James Henderson

Charting a path to $10B through cyber consolidation

In a chaotic market bursting at the seams with competitors, achieving share of voice can be a challenge – cutting through the noise is no easy task in cyber security.

Vendors to the left, vendors to the right… customers perennially stuck in the middle.

Hence a new wave of enterprise cynicism upon realisation that after all this time – and investment – fancy acronyms and point products don’t actually prevent breaches.

“Stop breaches,” declared Daniel Bernard, Chief Business Officer at CrowdStrike. “That’s the mission.”

Daniel Bernard (CrowdStrike)

While simplistic in delivery and self-evident in meaning, Bernard struck a nerve in his assessment of a crowded cyber space.

A couple of years ago, Chief Information Security Officers (CISOs) would evaluate as many new technologies as possible – acquiring a stack of point products in the process.

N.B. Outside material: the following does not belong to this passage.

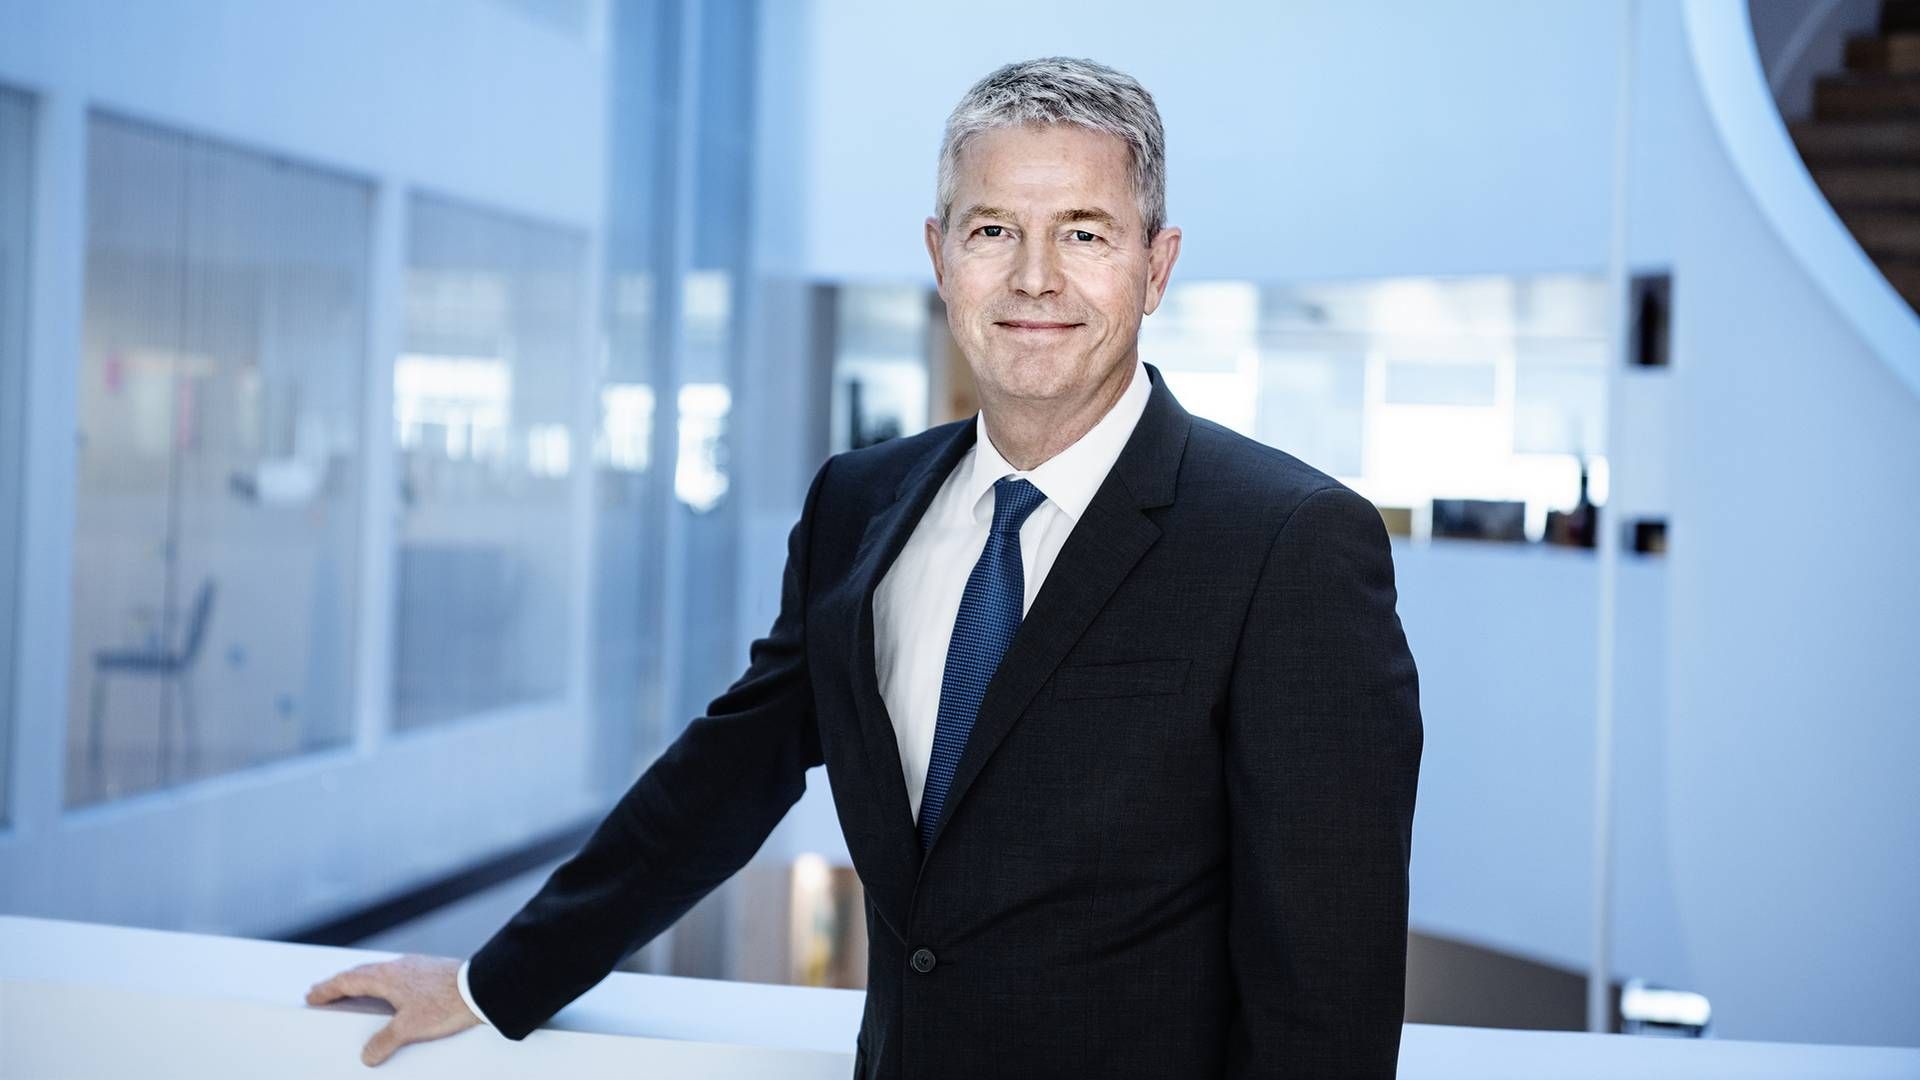 Adm. direktør i Sampension Hasse Jørgensen kan glæde sig over et godt investeringsår i 2021. | Foto: PR/Sampension

Each new category would create an additional 20-30 vendor solutions, which would then be assessed, purchased and deployed.

“That was what cyber security was all about,” Bernard recalled. “But that’s why we now have an enterprise with more than 70 different cyber security products from a market housing anywhere between 3,500-4,000 vendors.”

Exacerbated by a venture capital (VC) market hell-bent on blindly dumping cash into cyber start-ups, a “false sense” of security – pardon the pun – has emerged across the industry.

“That was chapter one,” Bernard said. “Chapter two is now a market clearing point with businesses assessing ‘nice-to-have’ vs. ‘need-to-have’ technology? Buying products for the sake of buying products is no longer acceptable.”

As a result, cyber consolidation strategies are kicking into gear across the enterprise.

“How do I rationalise? I bought all these products so why am I still getting breached?,” Bernard questioned.

According to Gartner, that journey started some time ago with 75% of organisations pursuing security vendor consolidation in 2022, up from 29% in 2020.

This significant shift in market dynamics is dovetailing into CrowdStrike’s well-stated ambition of reaching $10 billion in annual recurring revenue (ARR) within the next 5-7 years.

“We’re not here to talk about how we’re going to hit our number for the quarter, the month or the week,” Bernard added. “We’re playing the long game which is the big game that will shape the next 5-7 years.”

Addressing the CrowdStrike APJ Partner Symposium 2024 in Bangkok, Bernard was unequivocal – and at times even unapologetic – in approach.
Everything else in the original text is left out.